Economically, Dapivirine ring was found to be cost-effective in
South Africa when efficacy is 25% or more which is the case in the study in
question9. Nevertheless, affordability was not considered in the
analysis which apparently depends on user demand and adherence. As we have
seen, adherence was not high even in the vaginal ring formulation, especially
in younger women, so further analysis would have to be done to assess
affordability of the drug in Sub-Saharan Africa.

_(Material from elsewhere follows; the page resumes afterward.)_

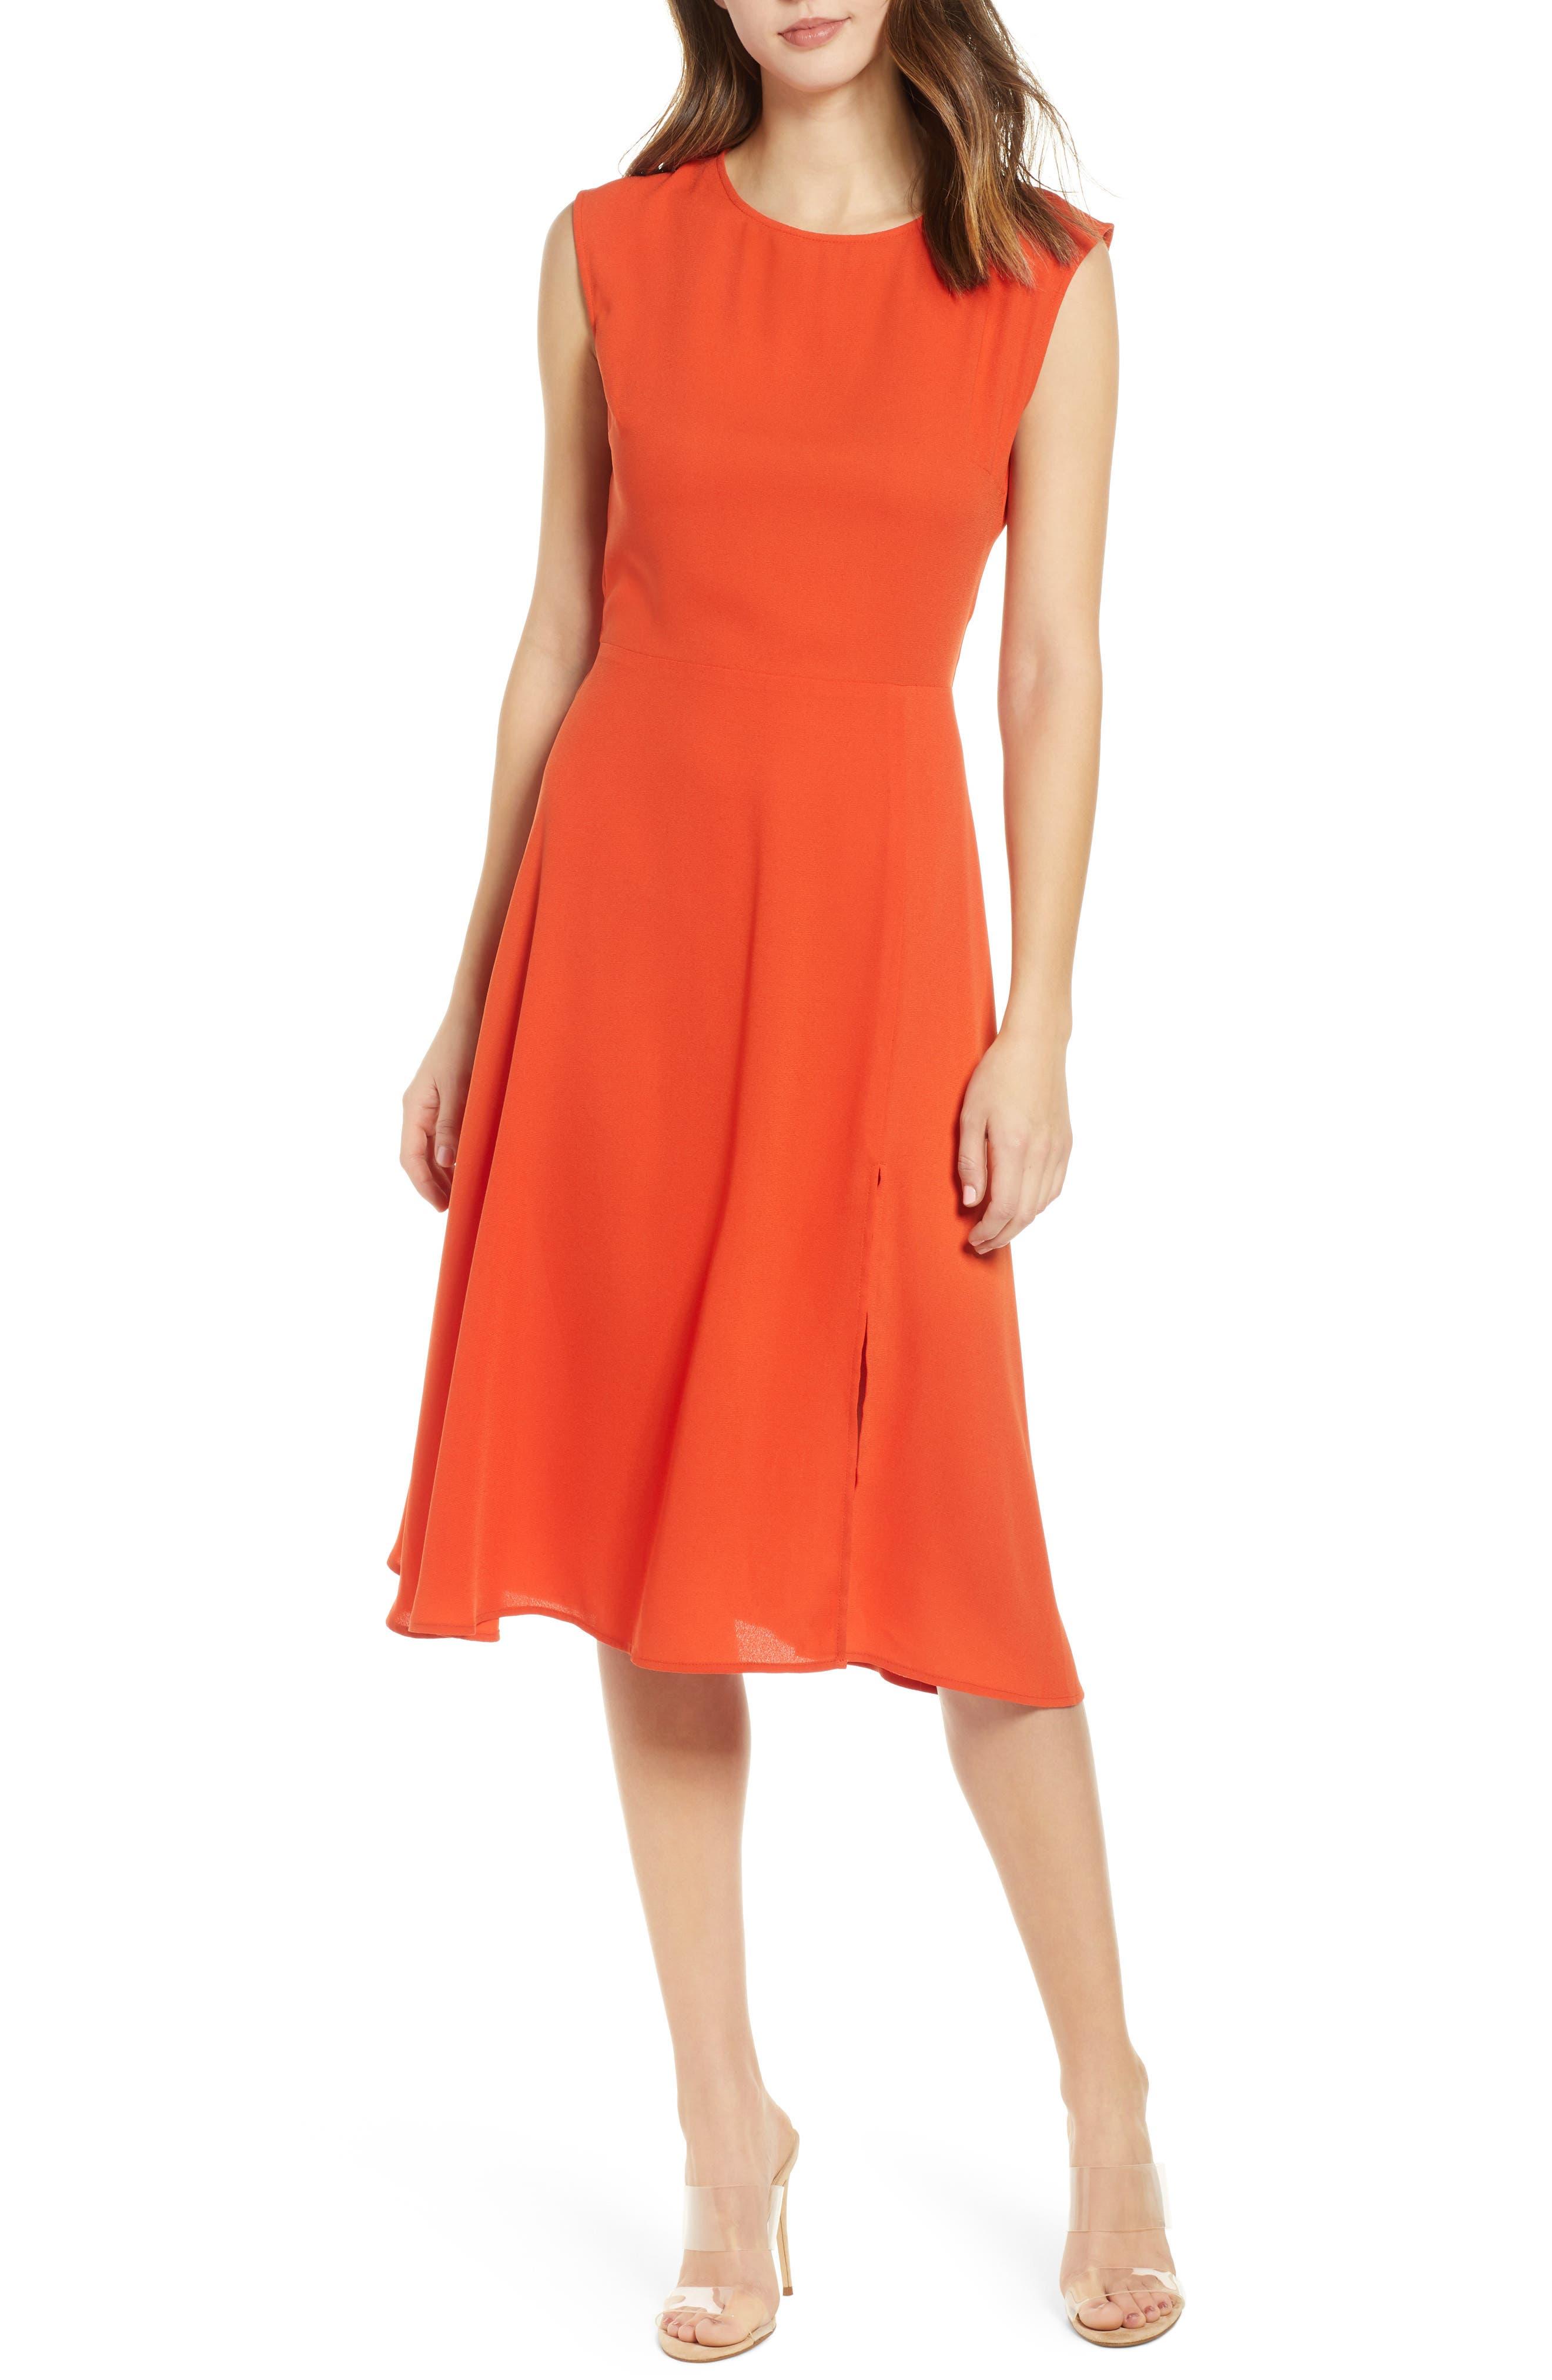 Leith Chic Midi Dress, Orange
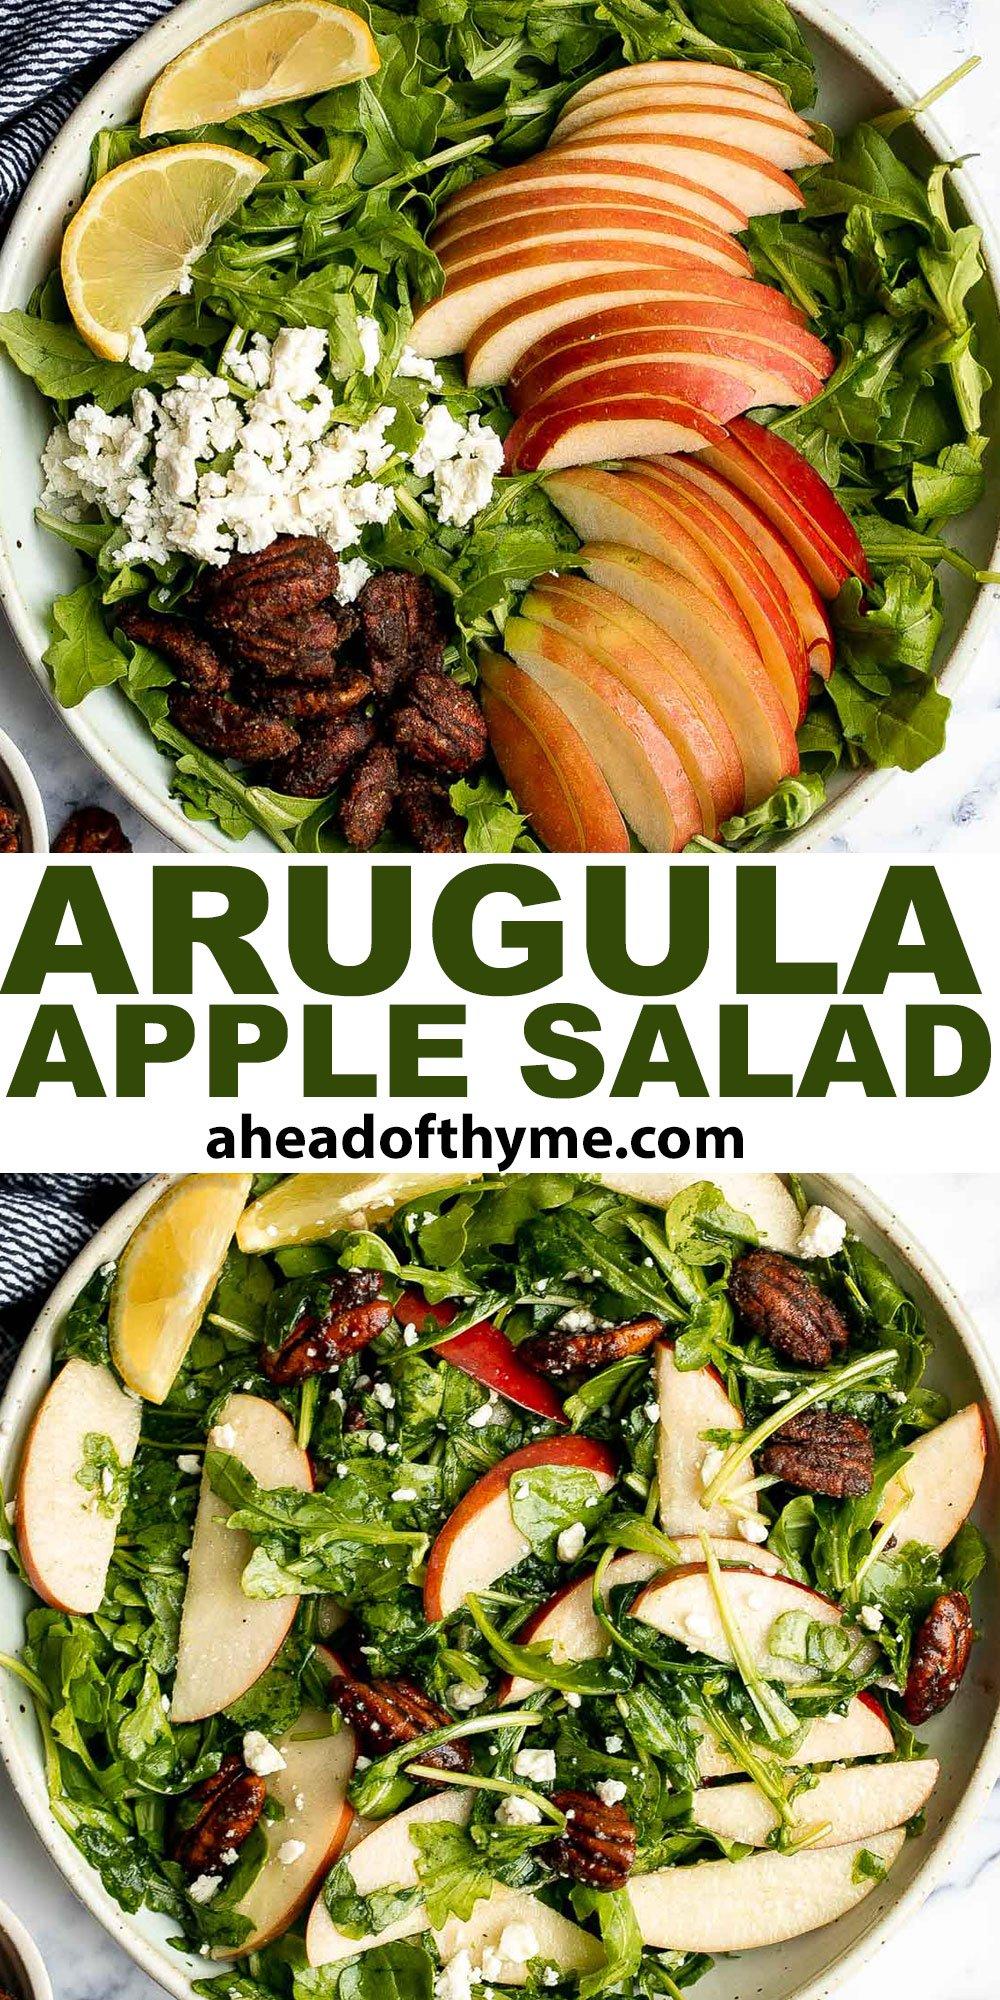 Arugula Salad with Apple and Pecan

On another note, Baeten et al. failed to point out that the vaginal
ring was only effective in relatively educated non-married but monogamous South
African women with no sexually transmitted diseases at baseline and who’s
partners are aware of the ring use.
In attempts to estimate utilization of the ring, Baeten et al.
based their results on objective biologic measures. Dapivirine plasma levels
were collected during the first year but then became more precise by also
measuring residual Dapivirine levels in used rings. Knowing that the defined
cut-off point can be achieved by wearing the ring 8h prior to the clinic visit,
the authors could have prevented the imprecision in quantifying adherence. Although
both methods are better than the usual count of remaining pills4 or
applicators3, changing techniques without providing reasons behind
it decreases the credibility of the results. In addition, the authors stated that
utilization increased after the first months of use without mentioning its
decline in later stages.
On the other hand, considering the social barriers to the
improvement in Sub-Saharan Africa, conducting a qualitative study as was done
by Baeten et al. to understand the causes of non-adherence was critical for
future advancements. The authors provide possible reasons for non-adherence
from their qualitative study, but they fail to mention some of the causes which
could be of great interest for future investigation. In fact, some women
expressed concerns about their fear from their partner’s reaction, which could
possibly be abusive, when finding out about the ring10. This could
be a major limitation to the use of vaginal rings considering the high
prevalence of intimate partner violence in Sub-Saharan Africa11.
The discovery of antiretroviral therapy has drastically improved the
quality of life of HIV patients but still, the prevalence of HIV is increasing,
especially in Sub-Saharan Africa. Therefore, finding an effective prophylactic
drug in this population, specifically in women, might impact the global burden
of HIV. Recent studies haven’t shown an effect in this study population and
have identified non-adherence as one of the main limitations. Even though the
trial by Baeten et al. only showed modest efficacy, it is an innovative
delivery method for the prevention of HIV that targets the issue of
non-adherence and therefore should further be investigated.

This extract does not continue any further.